Verification: sanity checks and distribution comparison#

Compare value counts and distributions for select features, and compare them to the original seed dataset.

print("Synthesized region distribution:")
print(df_synthesized["region"].value_counts())
# Synthesized region distribution:
# JAPAC    46
# LAD      38
# EMEA     36
# NA       30
# Name: count, dtype: int64

print("\nSeed region distribution:")
print(df_seed["region"].value_counts())
# Seed region distribution:
# EMEA     3
# JAPAC    3
# NA       2
# LAD      2
# Name: count, dtype: int64

Long text generation#

To generate realistic business justifications for each record, you will use a language model (LLM) as part of your synthesis workflow. This section explains the configuration of the LLM, describes the prompts and parsing logic, outlines the flow definition, and demonstrates parallelized generation and validation.

LLM selection and initialization#

For long text generation, you need to use an LLM. WayFlow supports several LLM providers. Select and configure your LLM below:

from wayflowcore.models import OCIGenAIModel, OCIClientConfigWithApiKey

llm = OCIGenAIModel(
    model_id="provider.model-id",
    compartment_id="compartment-id",
    client_config=OCIClientConfigWithApiKey(
        service_endpoint="https://url-to-service-endpoint.com",
    ),
)

from wayflowcore.models import VllmModel

llm = VllmModel(
    model_id="model-id",
    host_port="VLLM_HOST_PORT",
)

from wayflowcore.models import OllamaModel

llm = OllamaModel(
    model_id="model-id",
)

Prompt and I/O constants#

Begin by defining the necessary output constants and prompts used to instruct the LLM and structure the flow:

# Define I/O constants and step names
JUSTIFICATION_GEN_IO = "JUSTIFICATION_GEN_IO"
JUSTIFICATION_PARSING_IO = "JUSTIFICATION_PARSING_IO"
VALIDATION_IO = "VALIDATION_IO"
VALIDATION_PARSING_IO = "VALIDATION_PARSING_IO"

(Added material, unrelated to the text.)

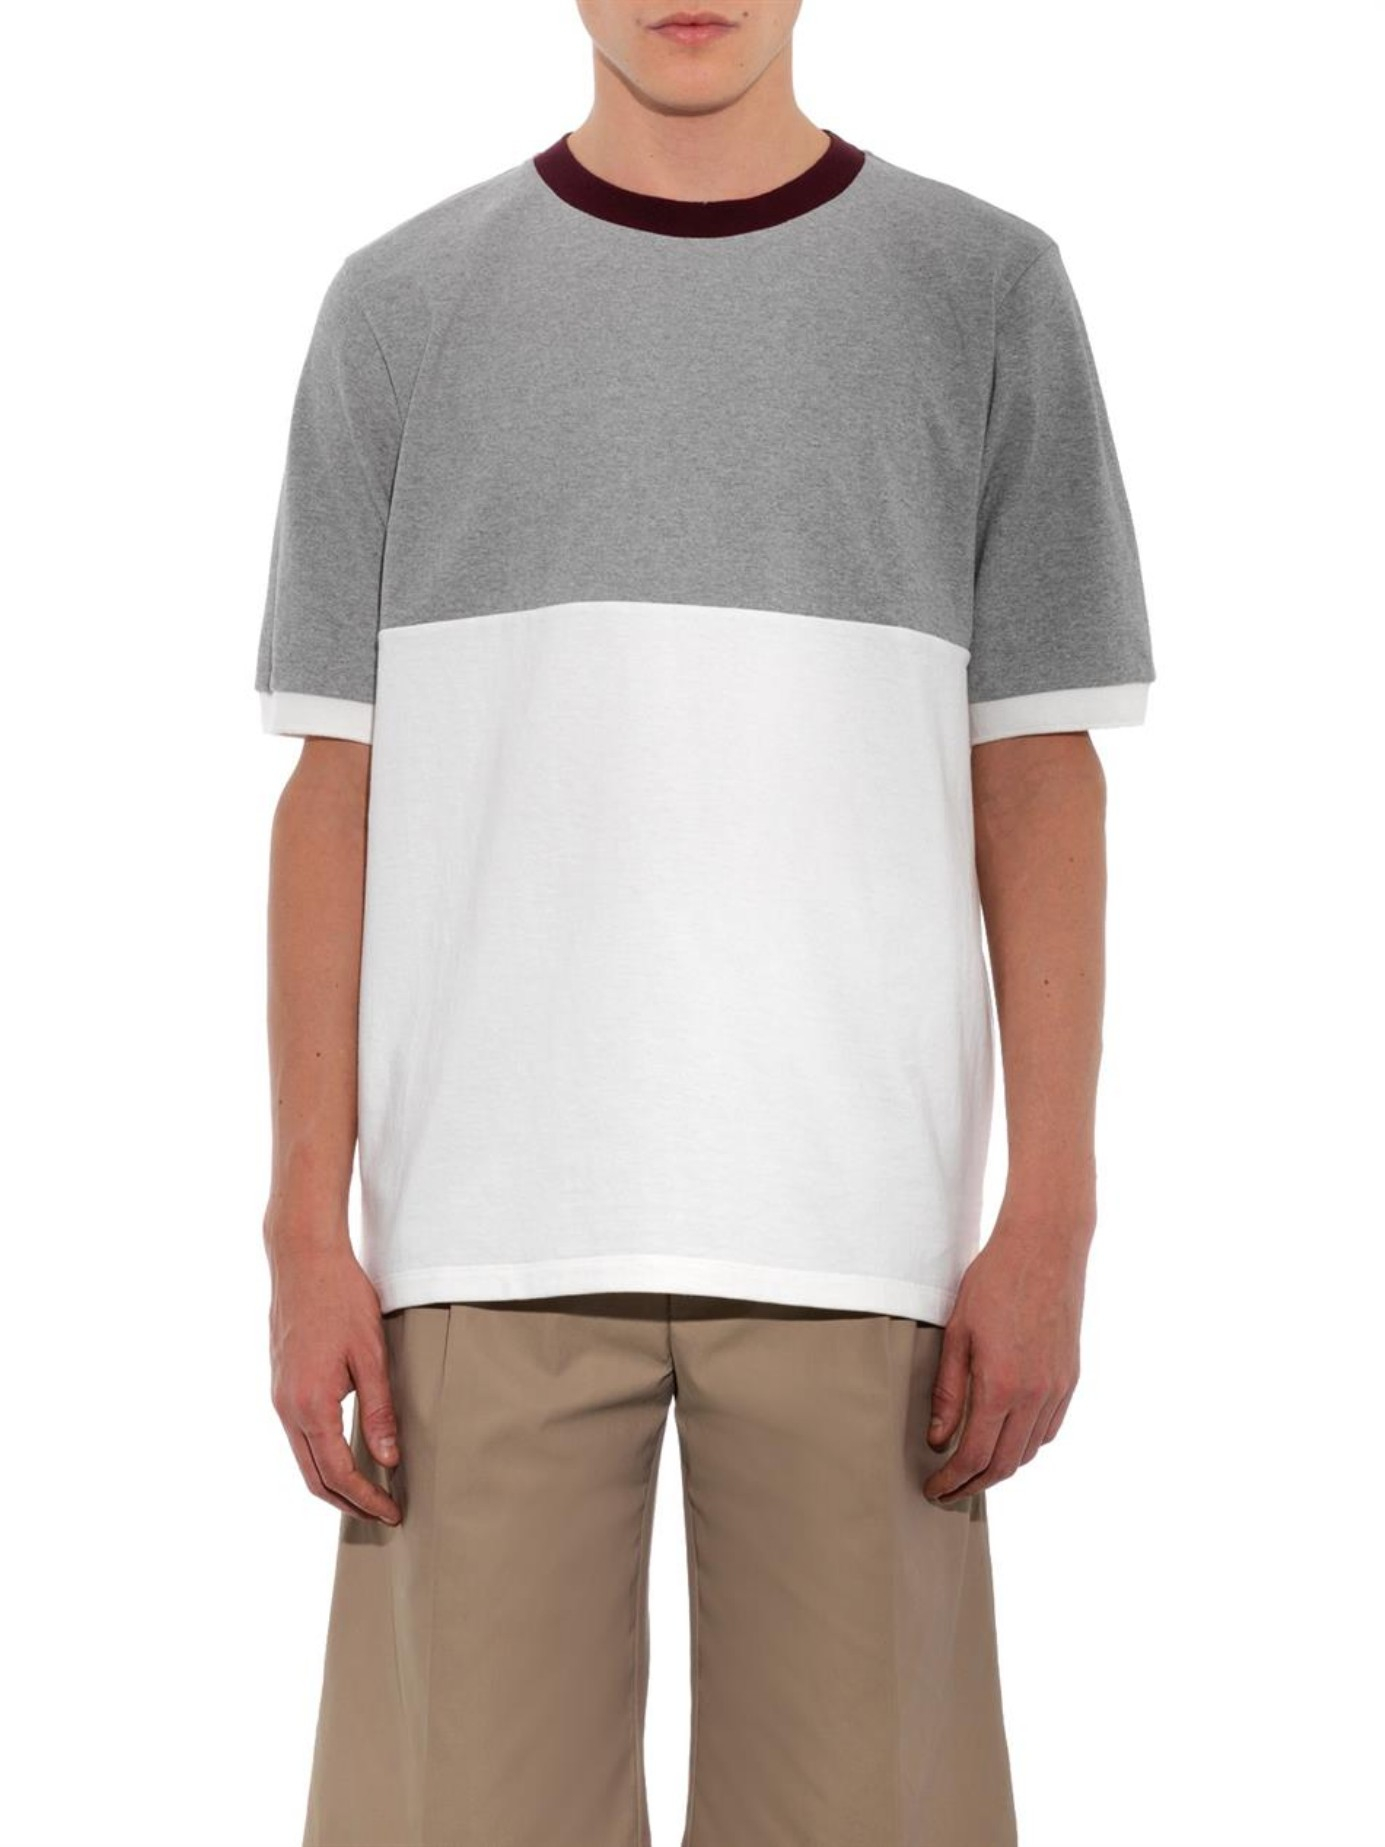 Lyst - Marni Color-Blocked Jersey T-Shirt in Gray for Men

JUSTIFICATION_GEN_STEP = "JUSTIFICATION_GEN_STEP"
JUSTIFICATION_PARSING_STEP = "JUSTIFICATION_PARSING_STEP"
VALIDATION_STEP = "VALIDATION_STEP"
VALIDATION_PARSING_STEP = "VALIDATION_PARSING_STEP"

# Define prompts
JUSTIFICATION_PROMPT = """
## Context
You are an assistant that helps the business with loan applications.


## Task
Write a justification for a loan application, given certain customer data points.
The justification should be concise and detailed, and include all infomration that could be relevant for the loan application.
As an intermediate step before writing the justification, provide a reasoning section consisting of facts, arguments or any other relevant data that would help you with writing the justification.


## Example
Below is an example of the input data points and how they are structured, and an output justitifcation. Note that in this example the reasoning section has been omitted.

Customer: {{ seed_example['customer_name'] }} (type = {{ seed_example['customer_type'] }})
Location: {{ seed_example['region'] }}, {{ seed_example['country'] }}
Customer Net Worth: {{ seed_example['customer_net_worth'] }}
Loan: {{ seed_example['loan_value'] }} at {{ seed_example['loan_proposed_interest'] }} interest
Purpose: {{ seed_example['loan_reason'] }}

Justification: {{ seed_example['justification'] }}


## Data
Below are the input data points based on which you have to write the justification.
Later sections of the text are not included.